We’d’ve done some remodeling of the kitchen – which is what the guys who bought the house wound up doing (I got to see it – they did a pretty good job).  New paint, a new column on the front porch, maybe some Pergo© in the living room with some sort of rug, maybe even a fireplace when we remodeled.
You’d have gotten a real chance to have that garden of yours, if you’d have wanted it.  Perhaps we could even have done a pool or hot tub out in the back.
Or we could have moved to another house which would have been far nicer.  Four bedrooms, garden tub, two-car garage, a lot closer to everything that meant anything to us and our boy.
And who knows?  Maybe Skip would have wanted a brother or sister to have fun playing with.  That might have been possible, too.

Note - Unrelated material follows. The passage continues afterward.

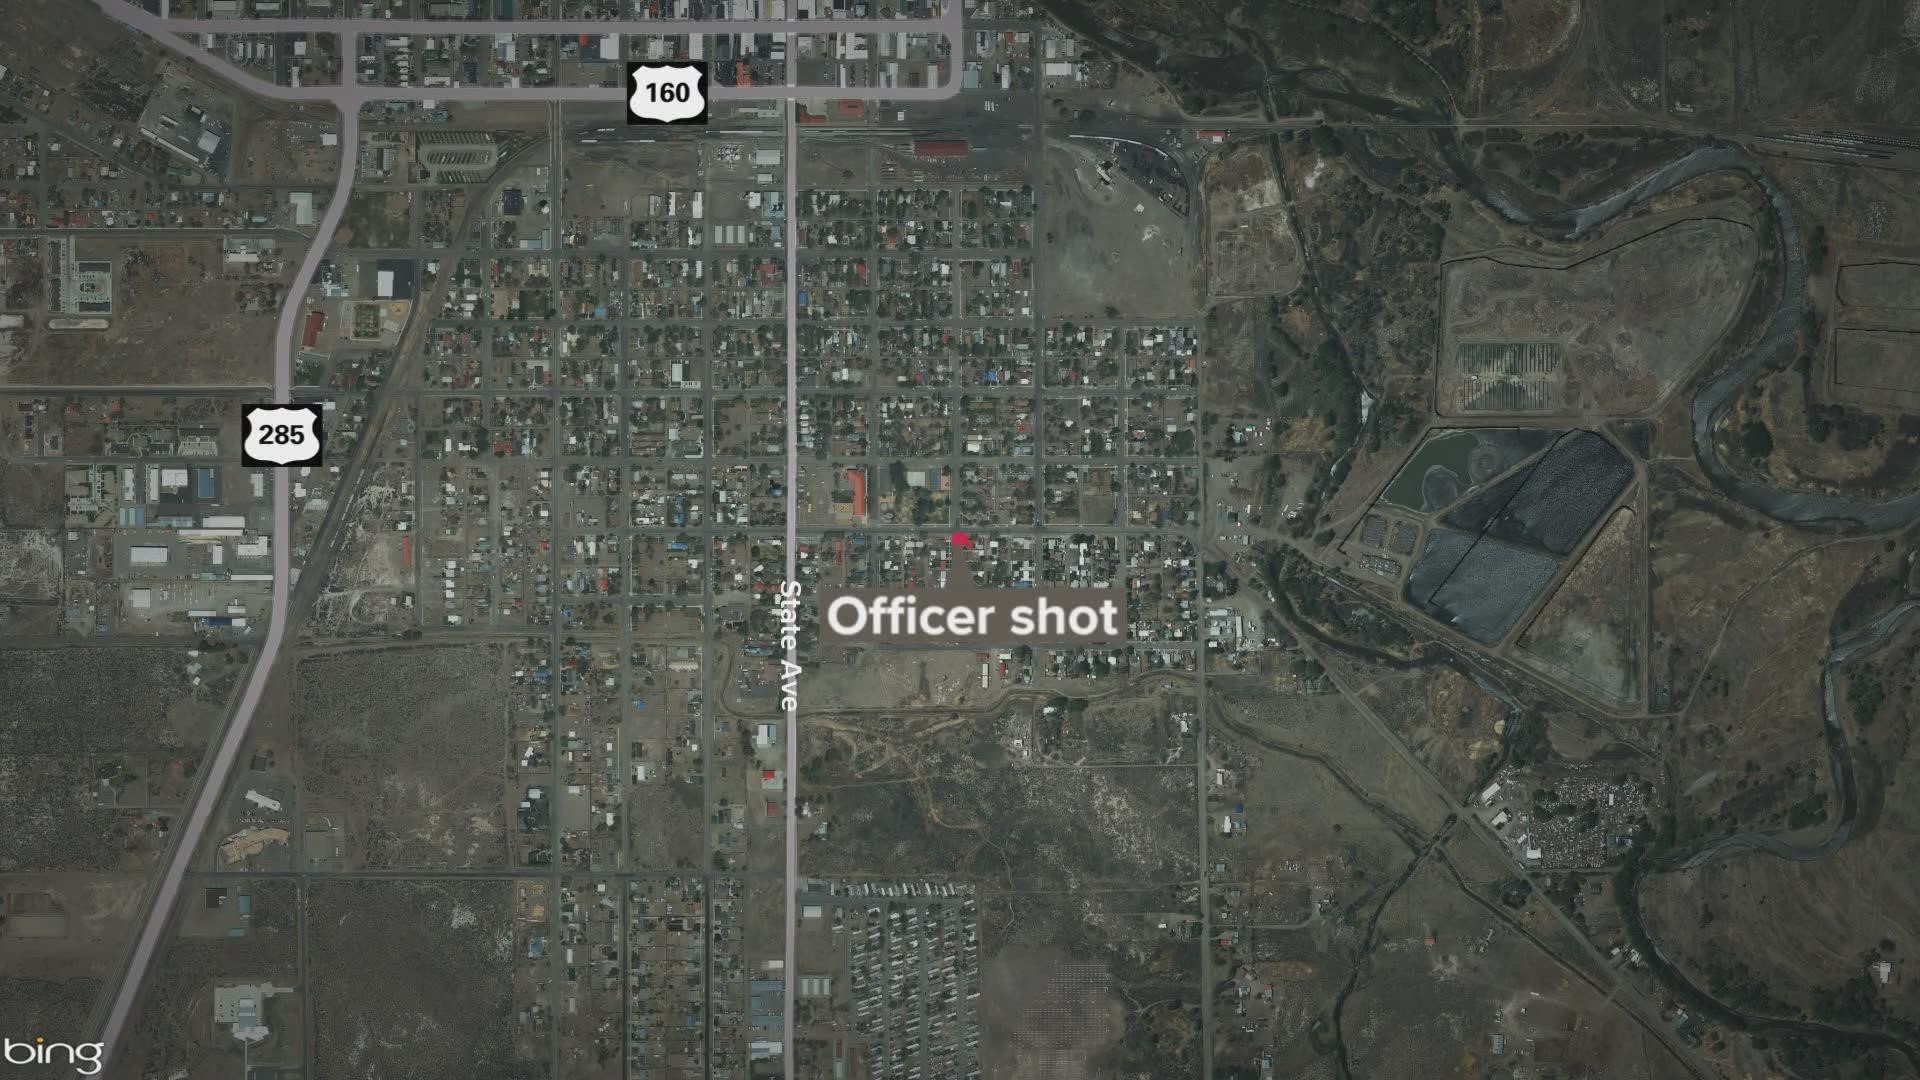 A juvenile suspect is in custody after the officer and one other victim were shot Thursday.

But no.  Not only no, but hell, no.  Because your god was always your ass, and because you weren’t willing to work to make yourself a halfway-decent teacher, you quit your job at DISD, scooped up my boy and left.  You quit  on the marriage, Steffi – just like you’ve quit on pretty much everything else you ever attempted.
That’s why you’re a failure, Your Doublewideness.  You never see things through to completion – at least, not the worthwhile things.  It’s why, save you doing a 180 personally, you’ll never amount to all that much.
In a way, I almost feel sorry for you.  You could’ve been part of something special.  You could’ve been  someone special.
But every time I start to feel like that, I remember what you did to me, and what you did to my boy by denying him a relationship with his father – and I lie down until the feeling goes away.
Eff ewe, Steffie, you pathetic loser.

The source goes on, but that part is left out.